Docking Throughput on Viridis

We would like to thanks our friends at the HPC service in Imperial College London for working with on the following tests and providing some great feedback:

<snip>

The test performed was one of molecular docking using the Vina code: http://vina.scripps.edu/

Docking could potentially be a pretty good fit for this type of system because it’s the sort of thing that’s often run in ensembles, so is throughput-oriented. It’s CPU intensive, a mix of integer and fp.
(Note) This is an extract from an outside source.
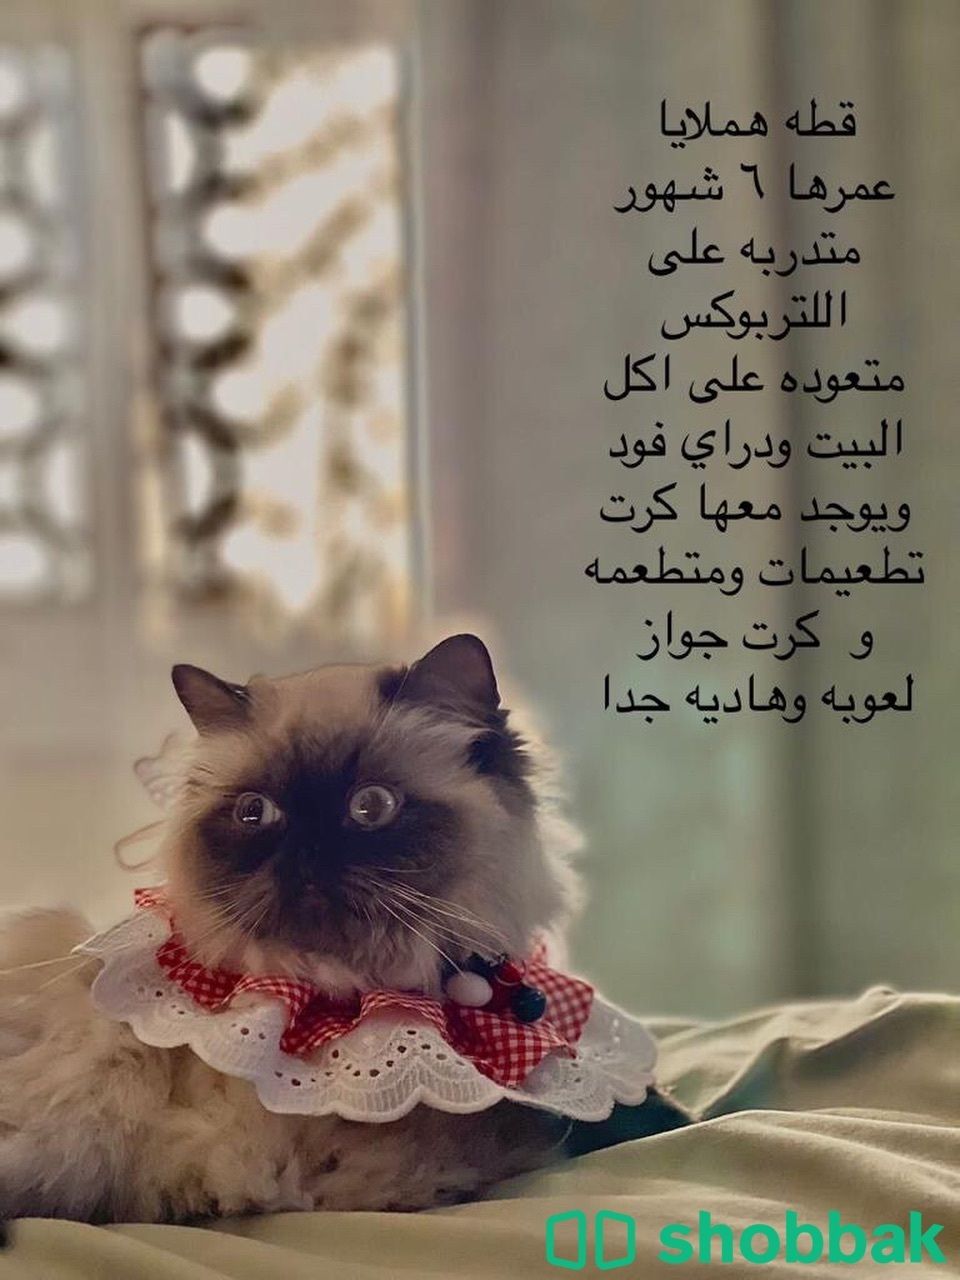 بيع قطة هملايا  مع اغراضها Shobbak Saudi Arabia
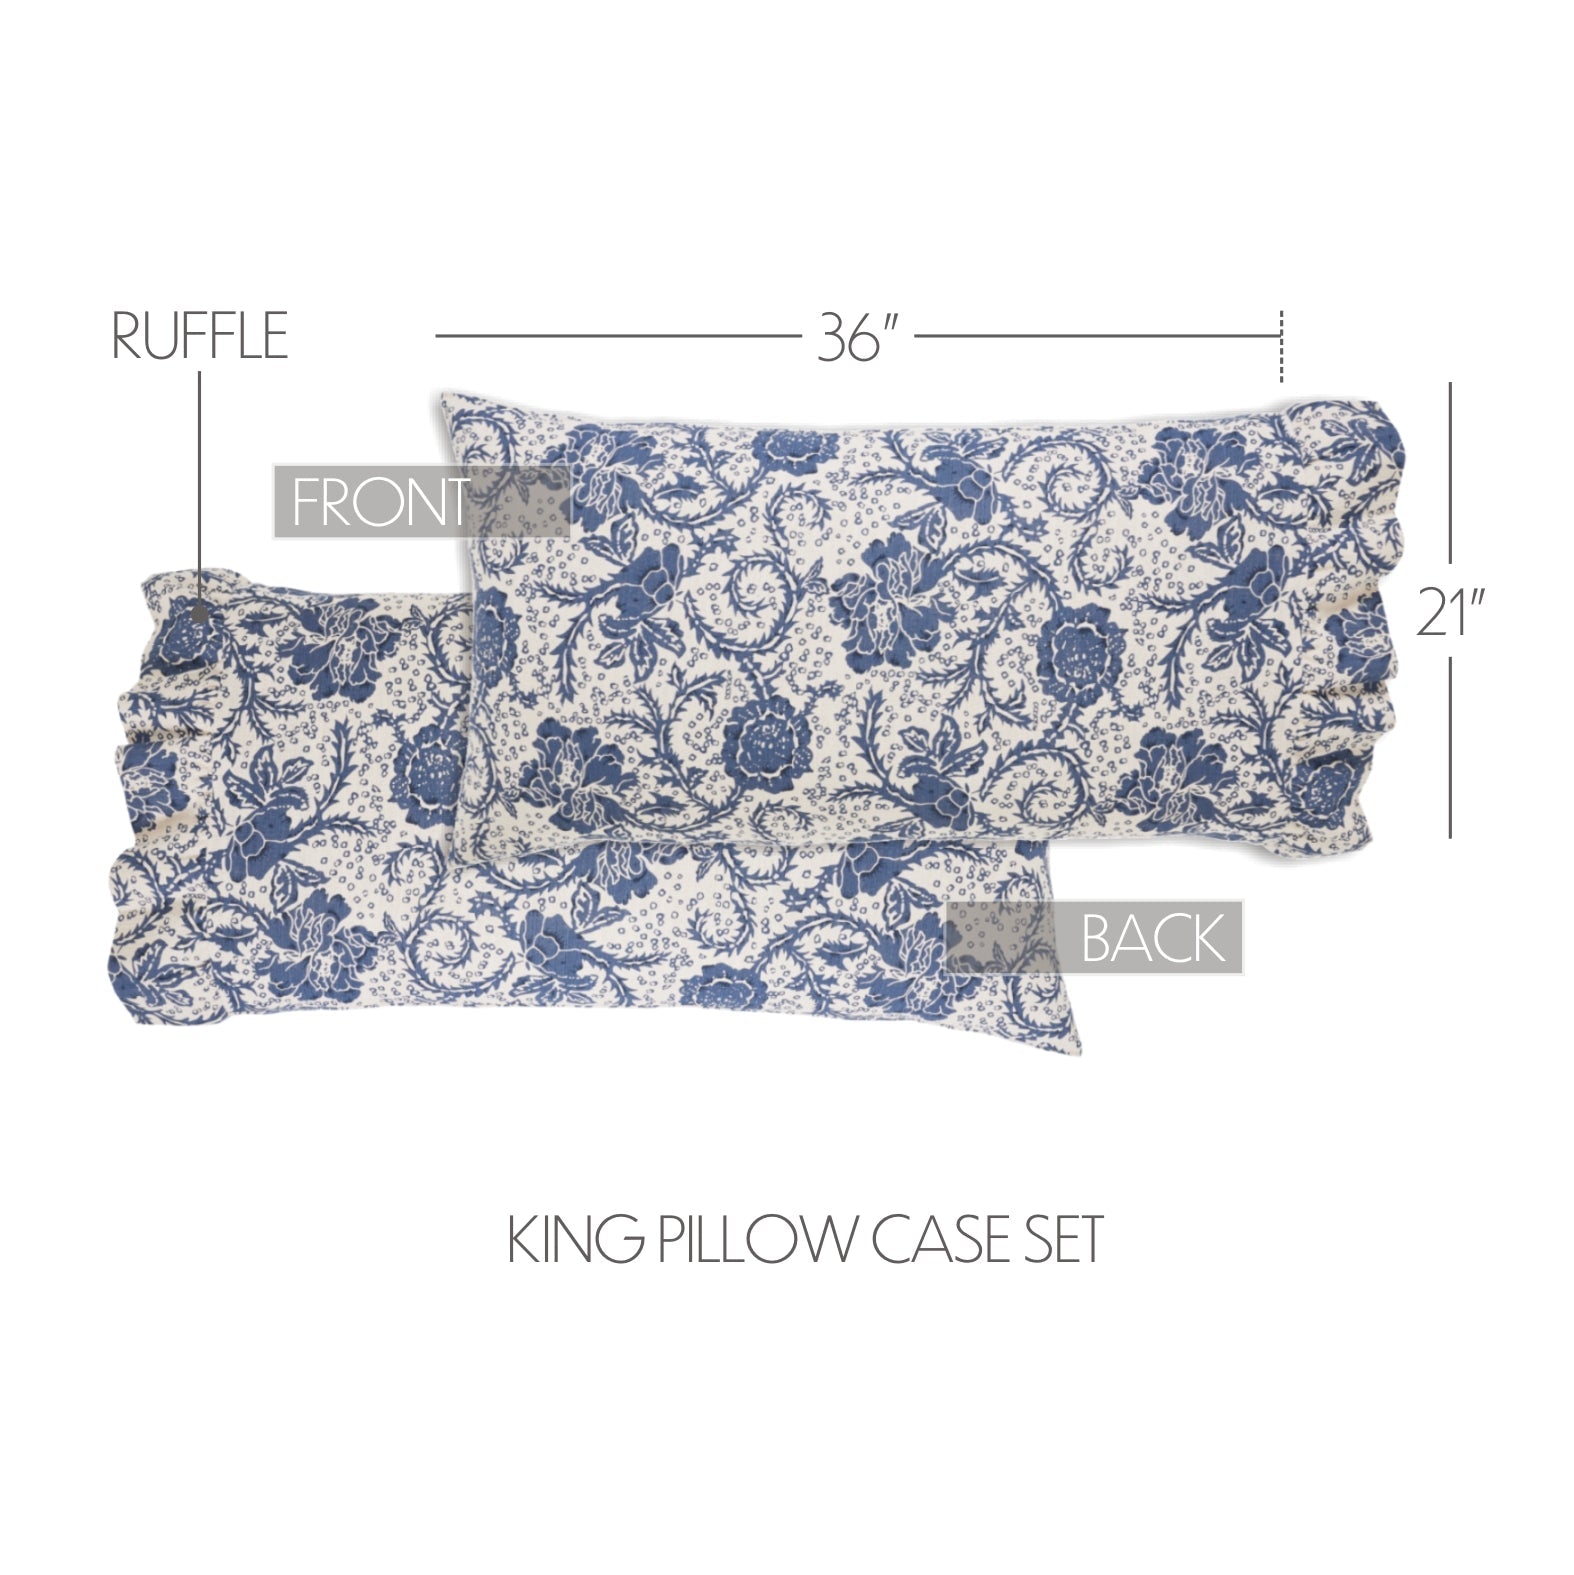 Dorset Navy Floral Ruffled King Pillow Case Set of 2 21x36+4 VHC Brands

On the ARM system, I compiled with the system Boost, g++ 4.6.3 and compiler flags:

-O3 -mcpu=cortex-a9 -mfpu=neon -ftree-vectorize -mfloat-abi=hard -ffast-math -fpermissive

On my x86 system (dual E2620, turbo enabled, HT enabled) I used the distributed vina binary.

The test model is HIV protease and a ligand from the DUD docking test set.

Vina was run with:


vina --seed 0 --size_x 59.358 --center_x 4.486 --size_y 35.873 --center_y 0.8825 --size_z 38.609 --center_z 17.8075
--receptor receptor.pdbqt
--ligand ligand.pdbqt
--cpu 4

I elected to run it with 4 threads, which is not the most efficient for maximising throughput (there’s a serial component at the start of the test), but I wanted a threaded component in the test, and I’ll correct for that in the analysis by using CPU time, rather than elapsed wall.

Here are the timings:

ARM

1 run, @4px: 2777.86 user 12:18.62 elapsed 376%CPU

For 6 TASKS:
x86: 278 minutes of CPU time

6 runs @4px: individual ave 1192.94 5:18.70 elapsed 374%CPU

For 6 TASKS: 19.9 minutes CPU time, 5:18m of walltime

So that’s a throughput difference of ~14x between the dual E5-2620 (24t) and the 4core Viridis SoC.

Looking at power, an estimate of the energy required to do 6 repetitions:
Viridis = 7W * 12:18m * 6runs =~ 31kJ
x86 = 200W * 5:18m * 6/6 (all runs simultaneous ) =~ 64kJ

The ARM system is about twice as power efficient as the x86. It might be low power, but it takes a long time getting to the end.

What does this mean in practice? Imagine building a cluster to do nothing but run this code:

*) A Boston Viridis cluster built to the same power budget as an x86 one would
– have (200W/7W) ~ 28x the number of nodes
– a throughput (28 / 14x ) = ~2x that of the x86.

*) A calxeda cluster built to match throughput with the x86 one will
– need 14x the number of nodes
– require ~.5x the power

*) calxeda built to the same volume as an x86 one will have
– 36x # nodes (72/u / 2/u)
– 6x # cores (6 core counting HT)
– ~1.3x higher power draw ( 72*7W / 200W)
– ~2.7x the throughput of the x86. (36x/ 14x)

To conclude:
The Boston Viridis has a ~2x energy advantage on throughput compute-intensive workload, but this is substantially lower than the *power* advantage (~28x) would suggest because of markedly reduced performance (~1/14x) relative to the x86.

P.S: (Sell these things for Raspberry Pi prices and I’ll buy a container-load).